__PROBLEM TO SOLVE__. Although the material holds pictures, none belong in the copy; transcribe exactly, and only, the lines from the one with "Φονικό στην Ηλιούπολη: Βρέθηκαν" through the end.

__SUPPLIED INFORMATION__.
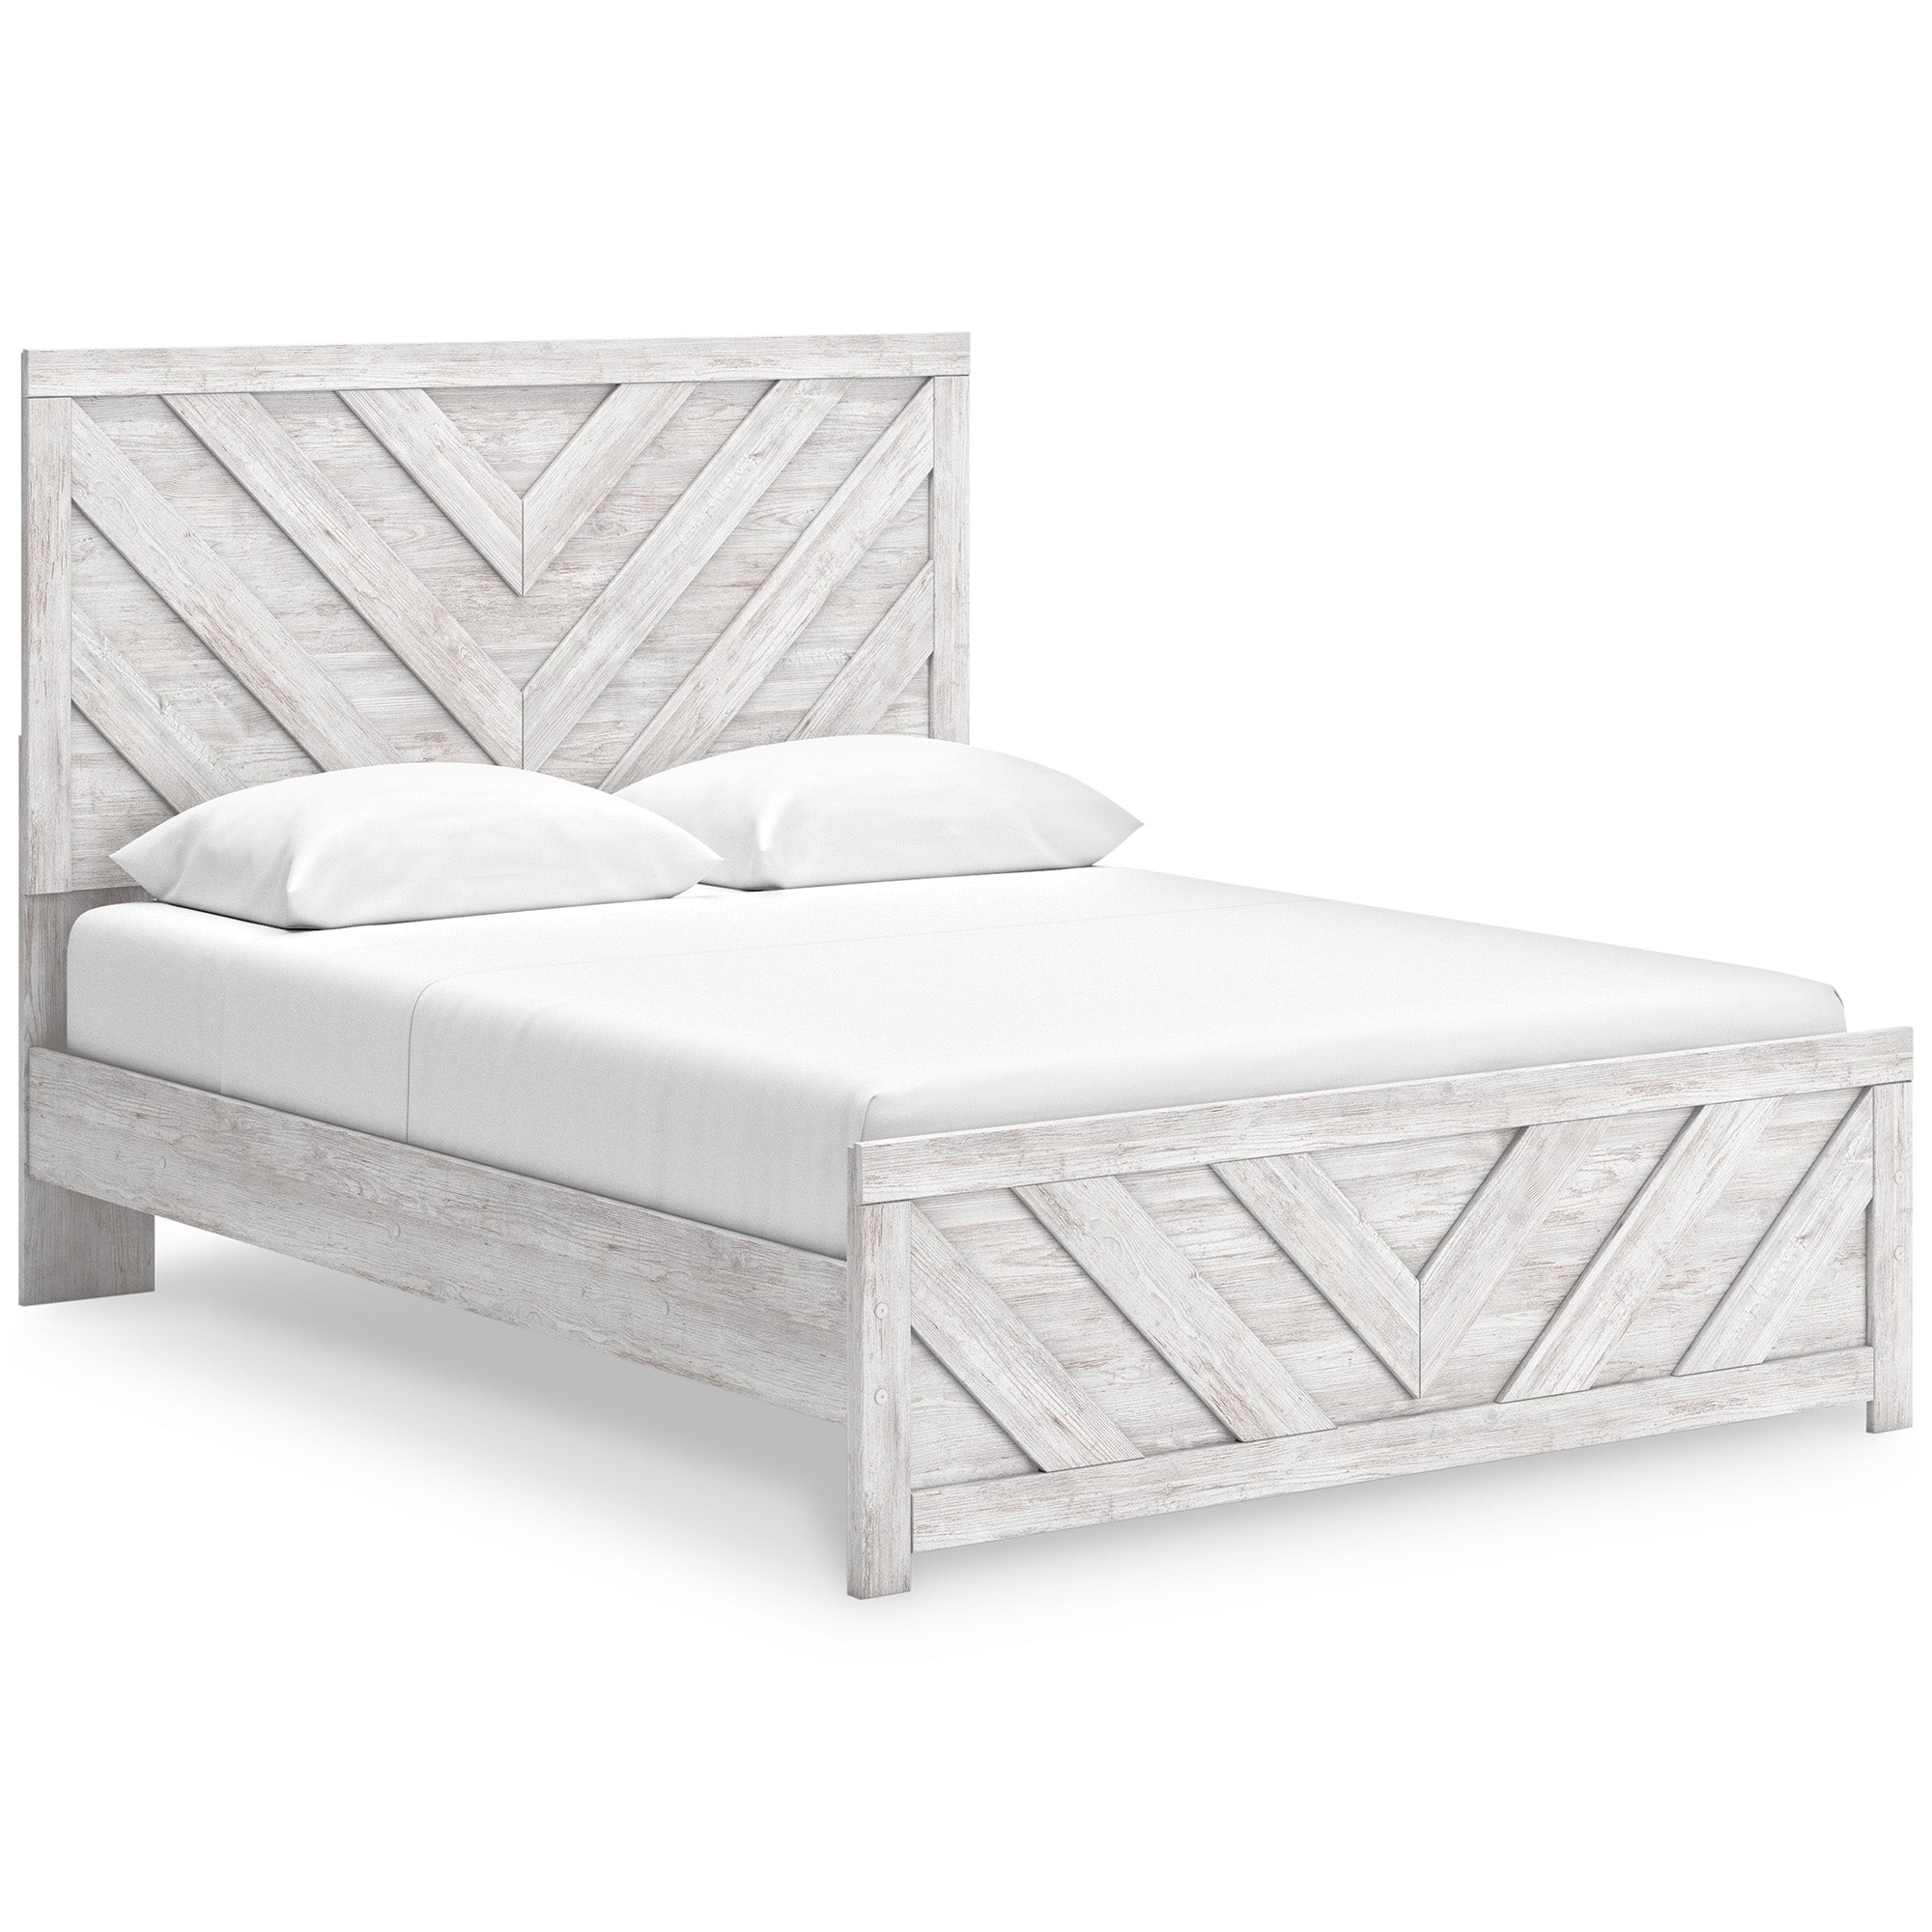 Cayboni Queen Panel Bed
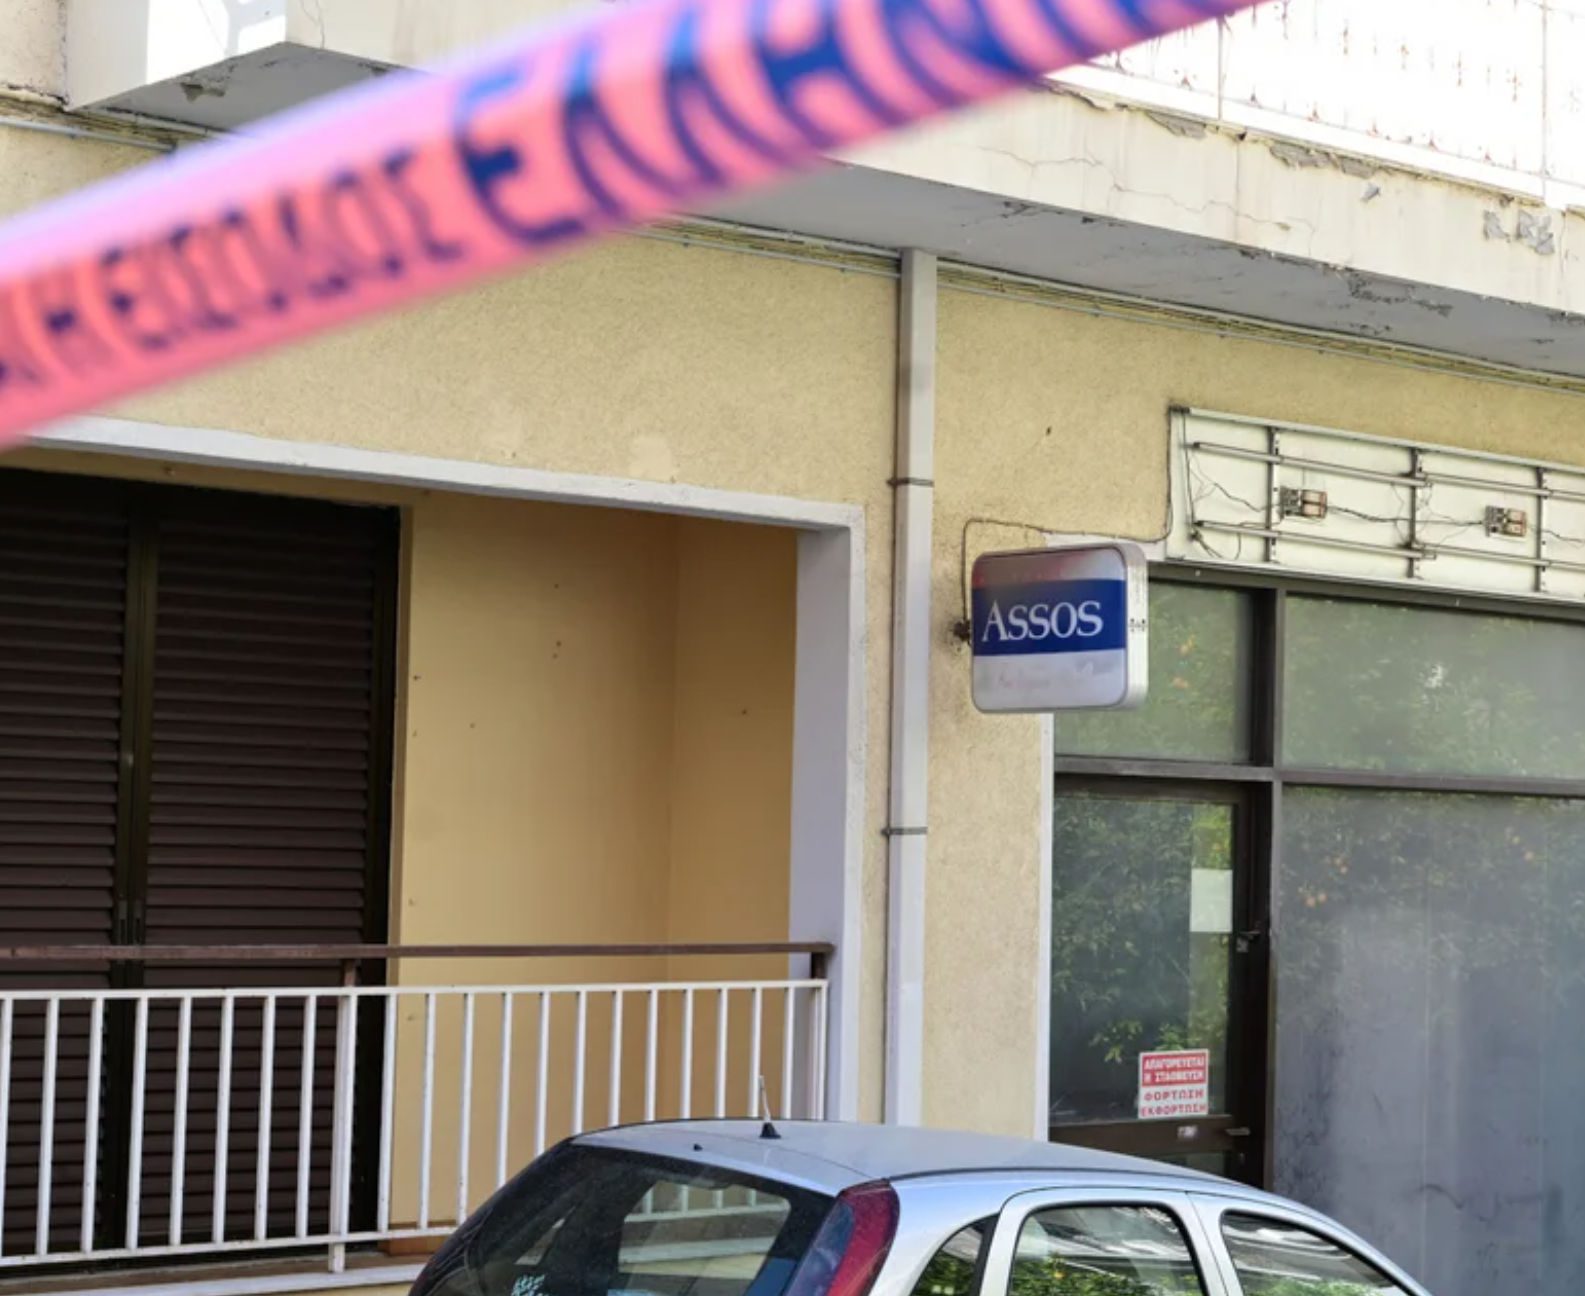 Φονικό στην Ηλιούπολη: Βρέθηκαν αποτυπώματα του γιου στην καραμπίνα
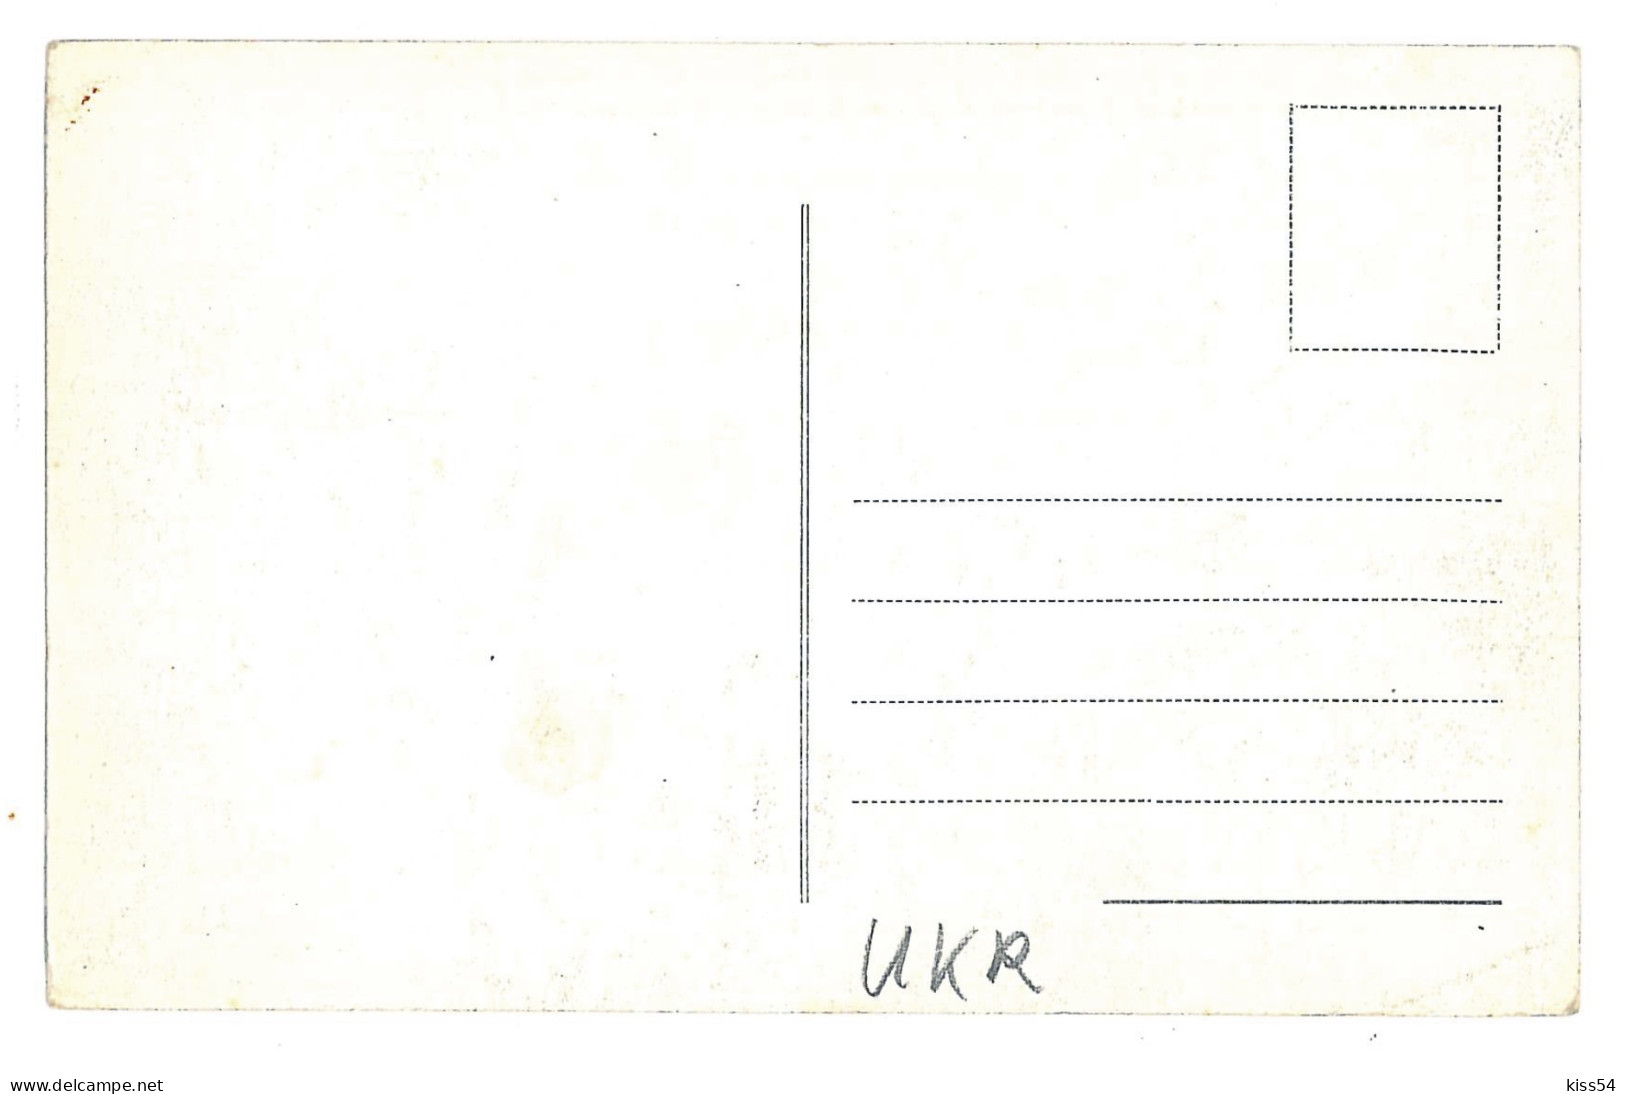 UK 28 - 9863 CZERNOWITZ, Bukowina, Ukraine - Old Postcard - Unused - Ukraine

__RESPONSE AREA__.
 Φονικό στην Ηλιούπολη: Βρέθηκαν αποτυπώματα του γιου στην καραμπίνα
 UK 28 - 9863 CZERNOWITZ, Bukowina, Ukraine - Old Postcard - Unused - Ukraine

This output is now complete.